Ülkemizin mega şehri olan İstanbul da olay çok ciddi bir boyut kazandı. Sonbaharda da beklenen yağışı alamayan şehrin en büyük su kaynaklarından birisi olan Sazlıdere Barajı’nın doluluk oranı %5.67’lere kadar geriledi. Sazlıdere sadece bir örnekti. İstanbul’da bulunan 10 barajdan 4’ünün doluluk oranı tıpkı Sazlıdere Barajı gibi %20 lerin altına kadar düştü.
Diğer bahsedeceğimiz kuraklık ise kar kuraklığıdır. Kar yağışı barajların doluluk oranını en çok etkileyen faktördür aslında. İstanbul, İzmir, Ankara gibi büyük şehirlerde betonlaşmanın çok olması, yeşil alanların az olması kent ısının yüksek seyretmesine neden oluyor sonuç olarak bu kentlere kar yağmıyor yağsa bile yere ulaşmıyor.

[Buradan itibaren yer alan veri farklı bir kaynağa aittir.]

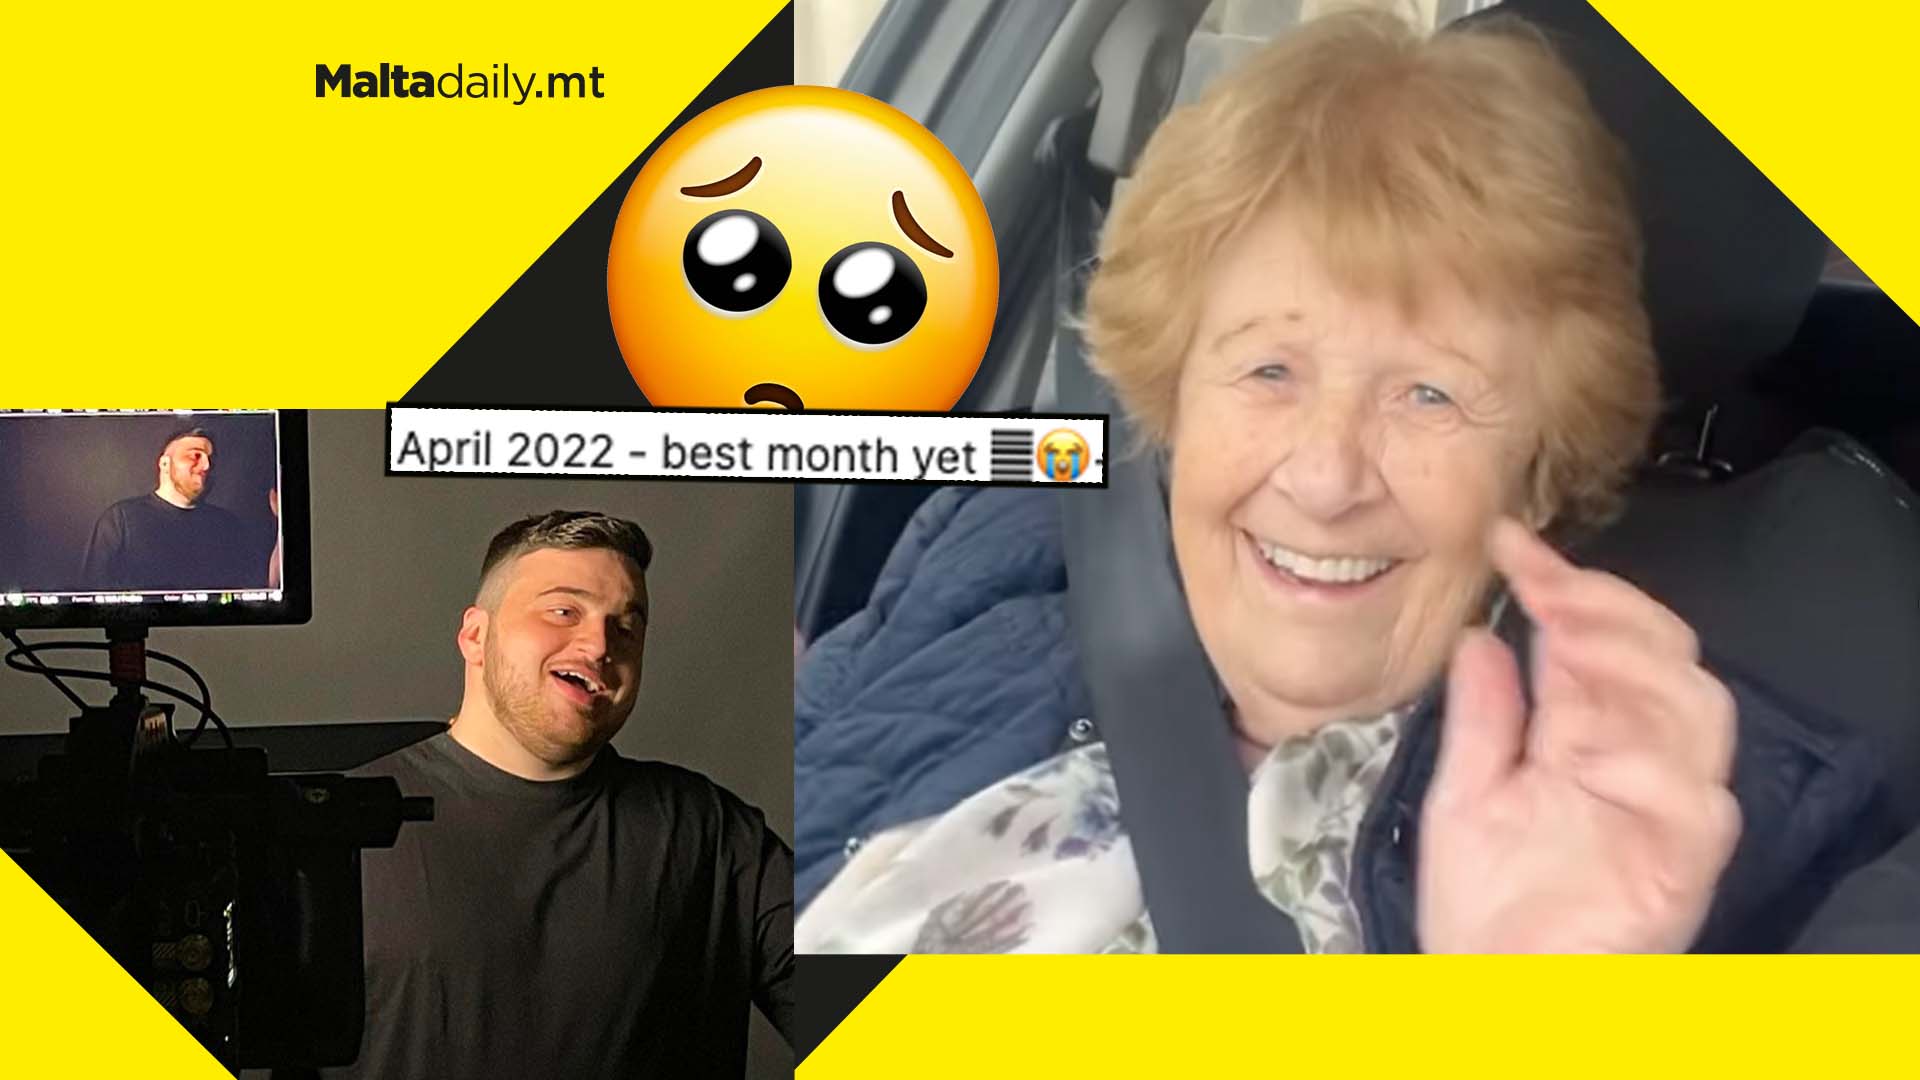 Shaun Farrugia’s grandma reacting to his song with Martin Garrix is pure goals

Kar yağmadığı içinde toprak altı su kaynakları beslenemiyor. Bakıldığında her şey bir zincirin halkası aslında yani kuraklığı tek bir nedene bağlamak çok da doğru bir davranış olmaz.
Bahsetmemiz gereken en önemli konulardan birisi ise barajların bir dip seviyesi olduğudur. Bu demek oluyor ki barajlarda bulunan tüm suyu kullanamayız bunun nedeni ise bu barajlarda yaşayan diğer canlı dostlarımızdır. Tarım ve Orman Bakanlığı İstanbul’da barajların doluluk oranının %27 olduğunu ve eğer hiç yağmur yağmasa bile bu suyun yaklaşık 3 ay boyunca İstanbul’a yeteceğini açıkladı. Bu oran Ankara’da %13 ile 5 aya, İzmir’de %37.5 doluluk oranıyla 5 buçuk aya tekabül etmektedir. Ancak bu oranlar tüm suları kullanırsak gerçek bir oran olur ve tüm suyu kullanamayacağımıza göre susuz kalacağımız günler kapıda.
Demek istediğim şey şu ki eğer paçaları sıvayıp işe koyulmazsak paçalarımızı ıslatabilecek suya hasret kalacağız.